The inference batch size is computed to fit the largest possible batches into the available GPU memory (default --batchsize 0).

There are two cases when an OOM issue can happen:

The auto batch size feature is underestimating the memory consumption. If an Out-Of-Memory (OOM) warning/error is raised with the default auto batch size, try setting the batch size manually to a fixed value instead. For example:
```
dorado smallvar aligned_reads.bam reference.fasta --batchsize <number> > variants.vcf
```
A good rule of thumb would be --batchsize 10 for a large GPU, or try using a smaller value if this is still too high.

Additionally, the number of inference workers can be reduced to lower the memory usage (the default is 2 workers per device):
```
dorado smallvar aligned_reads.bam reference.fasta --infer-threads 1 > variants.vcf
```
GPU memory fragmentation during the run. This can happen when there were many small allocations followed by a large memory allocation which then cannot be fitted into a single contiguous block of memory. Such errors will have a specific Torch error message which looks like this: > Exception caught: CUDA out of memory. Tried to allocate 15.12 GiB. GPU 1 has a total capacity of 31.73 GiB of which 14.77 GiB is free. Including non-PyTorch memory, this process has 16.95 GiB memory in use. Of the allocated memory 2.10 GiB is allocated by PyTorch, and 14.46 GiB is reserved by PyTorch but unallocated. If reserved but unallocated memory is large try setting PYTORCH_CUDA_ALLOC_CONF=expandable_segments:True to avoid fragmentation. See documentation for Memory Management (https://pytorch.org/docs/stable/notes/cuda.html#environment-variables)

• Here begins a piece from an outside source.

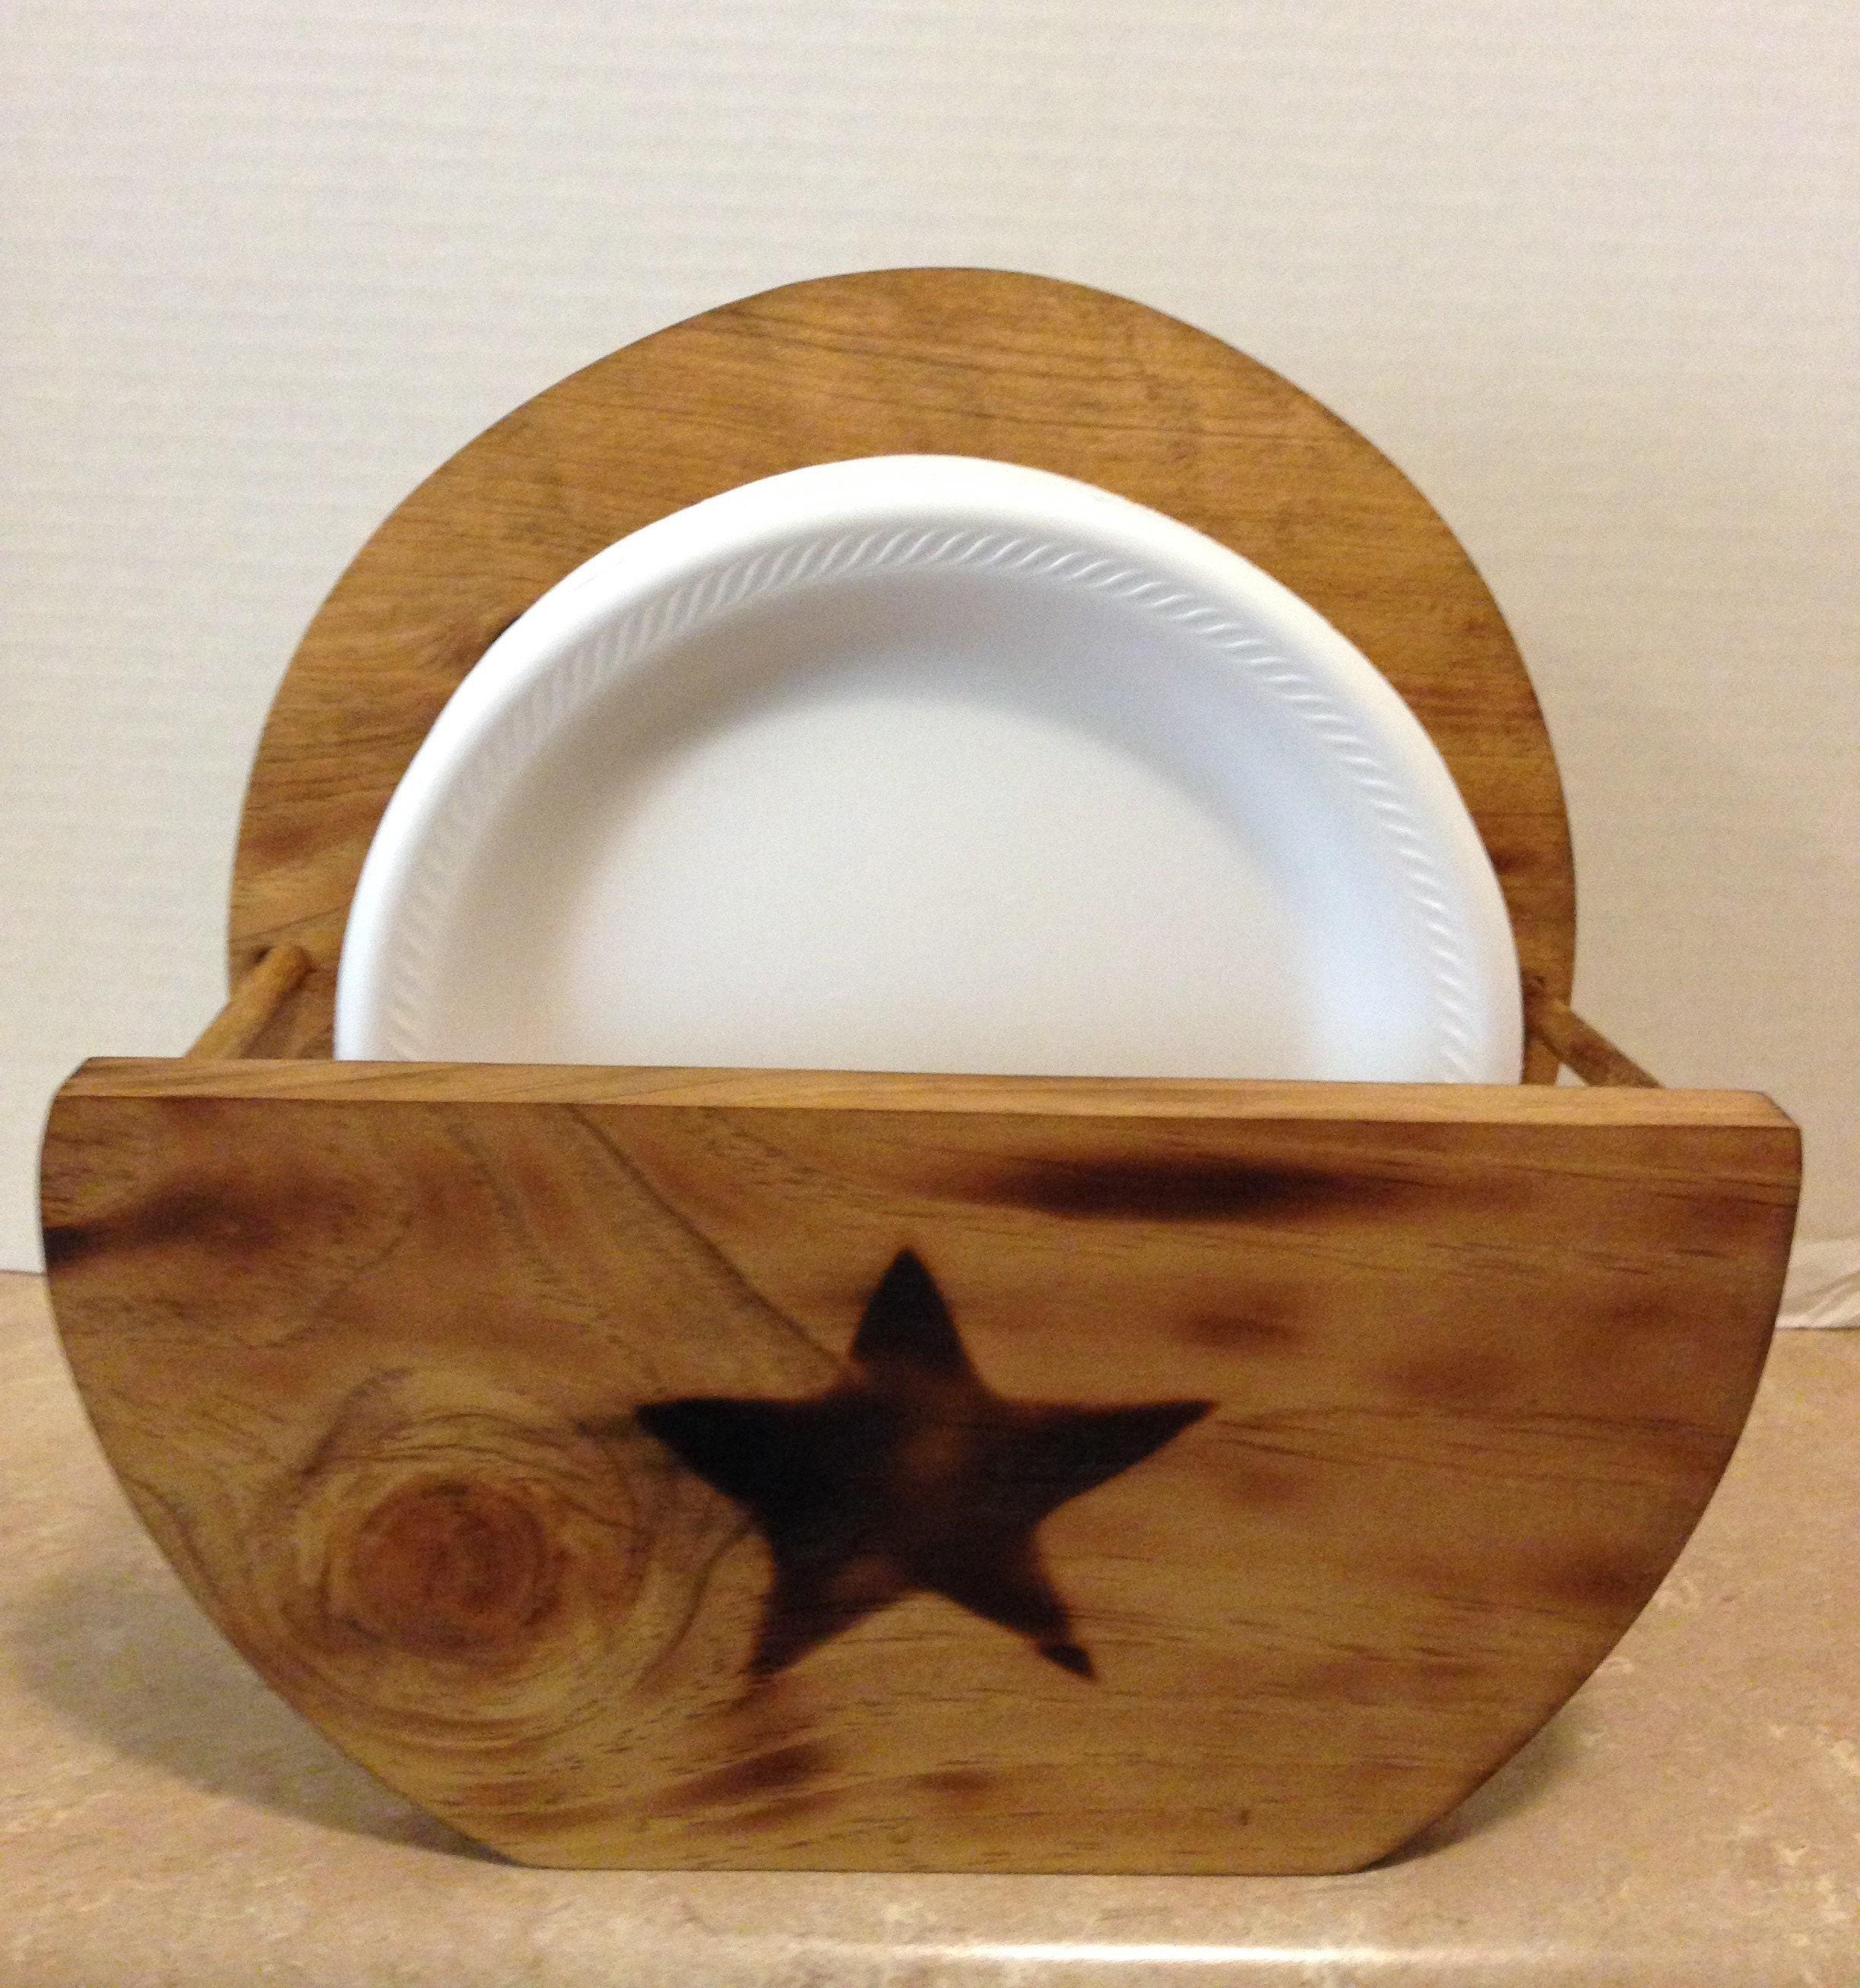 Paper Plate Holder Wooden Plate Holder Holder for plates Primitive Decor Rustic Decor Rustic Kitchen Primitive Kitchen Primitive star & Paper Plate Holder Wooden Plate Holder Holder for plates ...

The key portion here is: 2.10 GiB is allocated by PyTorch, and 14.46 GiB is reserved by PyTorch but unallocated., which means that almost all non-free memory is actually unused.

In this case, follow the suggestion from the error message, and it should resolve the issue.

Example:
```
PYTORCH_CUDA_ALLOC_CONF=expandable_segments:True dorado smallvar aligned_reads.bam reference.fasta > variants.vcf
```

"[error] Input BAM file was not aligned using Dorado."

Dorado smallvar accepts only BAMs aligned with Dorado aligner. Aligners other than Dorado aligner are not supported.

Example usage:

dorado aligner <draft.fasta> <reads.bam> | samtools sort --threads <num_threads> > aln.bam
samtools index aln.bam

"[error] Input BAM file has no basecaller models listed in the header."

Please refer to this section.

"[error] Duplex basecalling models are not supported."

Dorado smallvar currently supports data generated using only the simplex basecallers.

Does Dorado SmallVar phase variants?

At this early stage, Dorado smallvar does not yet produce phased VCF variants. This is work in progress.